In gaining an iPhone 6+, I didn’t expect or want to stop using my phone as much but I hoped that I might earn control over my habit of maniacally checking it. Because, really, I could figure out how thick my coat should be, or whether a right or left is the appropriate direction in which to turn, and my mom should know the 24 hour rule: I’m still alive until a cop shows up at her doorstep. But maybe because my new phone would be so…grand, I would only use it when I absolutely needed to. Not while I was in the middle of dinner or waiting to meet someone, or walking down the street. What I learned was this:
A big screen = the business of the public domain. Whatever you’re doing is subject to scrutiny. Just last Sunday, I was having my hair washed at a salon and tweeted, “There is no moment that makes me feel so female as a room full of women having their hair washed.” The washer looked down and giggled. “Good one,” she said.
Forgo morning scrolls. If you’re used to reaching for your phone when you first wake up, prepare yourself to break the habit of in-bed entertainment unless you’re willing to use both hands while you lay on your side and lose feeling in the arm carrying your bodyweight. You will notice this when your scroll becomes limp. And once it is limp, you can rest assured that the shooting needles of numbness will perpetuate immobility in that arm. It will get better, yes, but why allow it to get bad in the first place?

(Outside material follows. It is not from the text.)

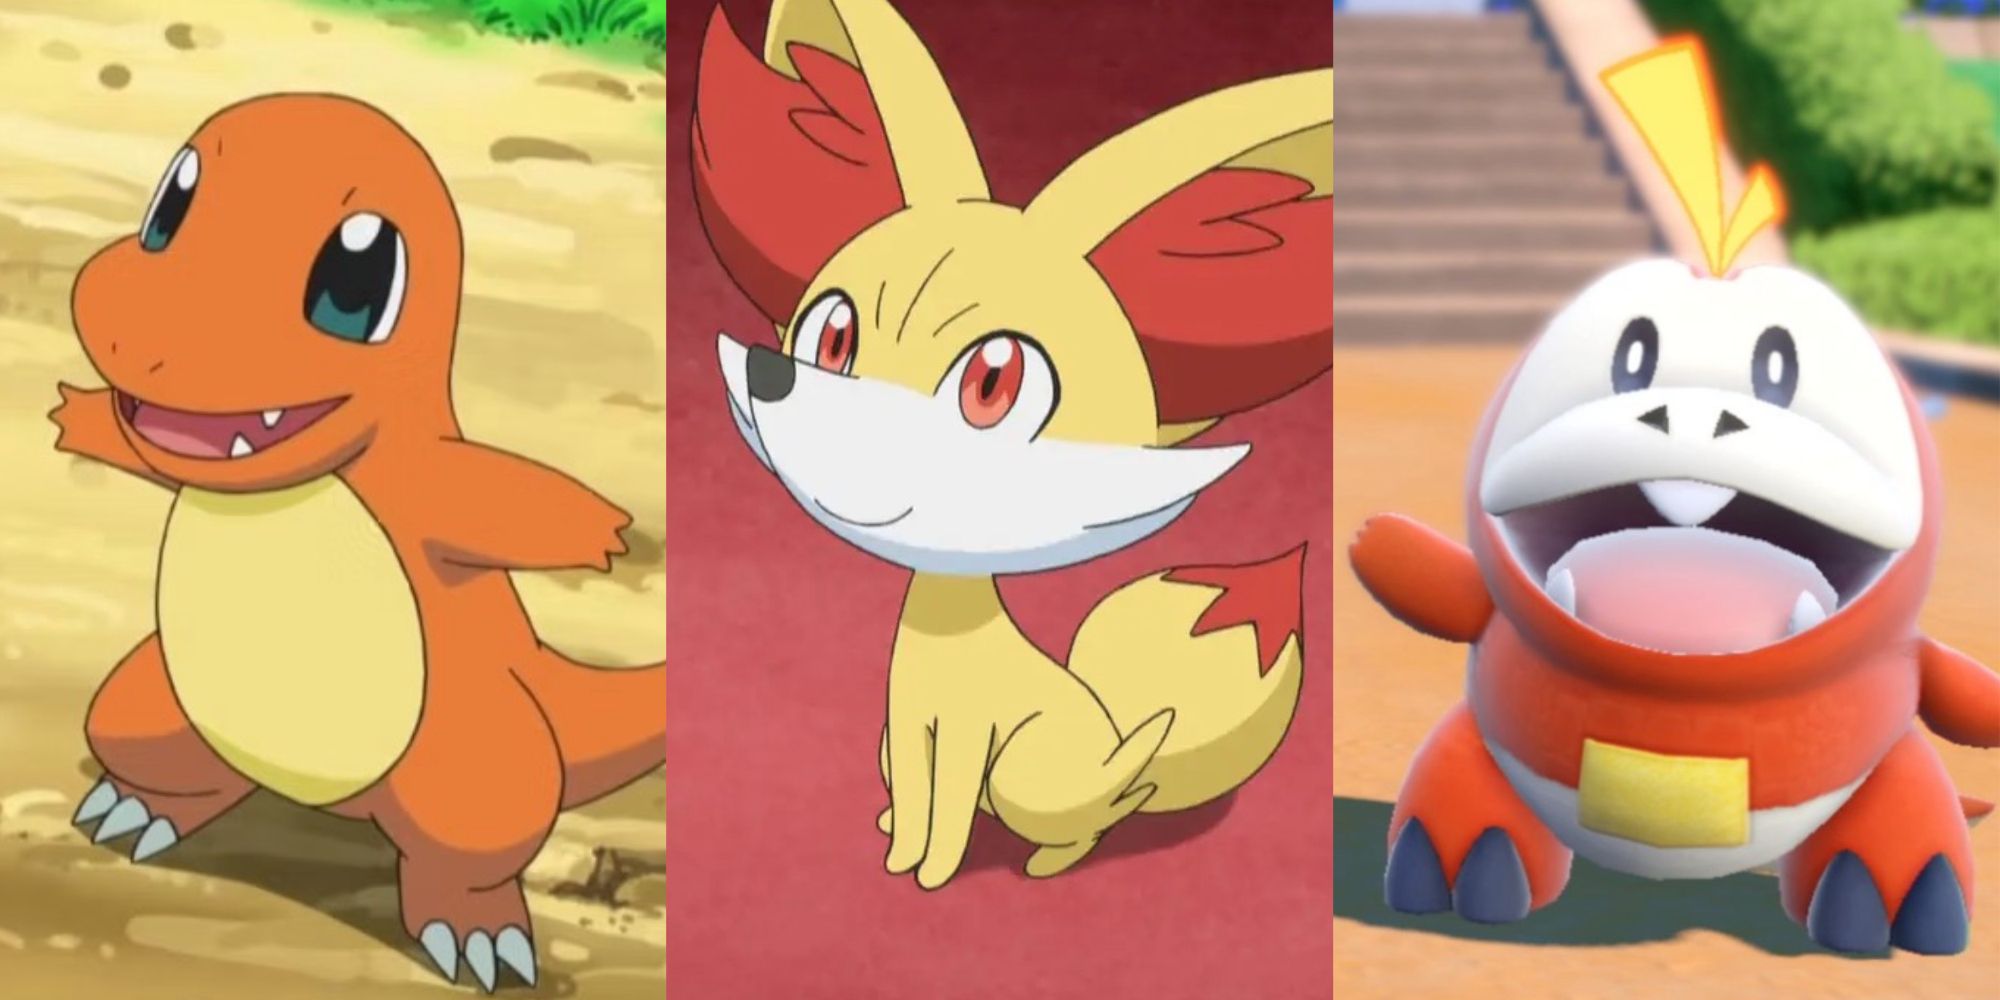 The best fire Pokémon in Pokémon Go 2023

The bag thing is not a myth. It really doesn’t fit in many handbags and if you, like me, have chosen to live a life hands-free, there is a 100% chance that you will be presented with the question of whether you must abandon your phone every time you resolve to leave home and a 25% chance that you might actually have to. Which, incidentally, is okay, because as humans, we are made to adapt.
So maybe by the rules of evolution, babies of the future will be born with paws, or 6th fingers on their dominant hands. This could also just be a phase: a technological joke-cum-advance running in tandem with fashion’s 90’s redux. Everyone keeps acknowledging the fact that I look like I’m texting on a computer monitor, which I appreciate, but I ask you to consider this: Zack Morris’ phone couldn’t fit in his evening clutch either.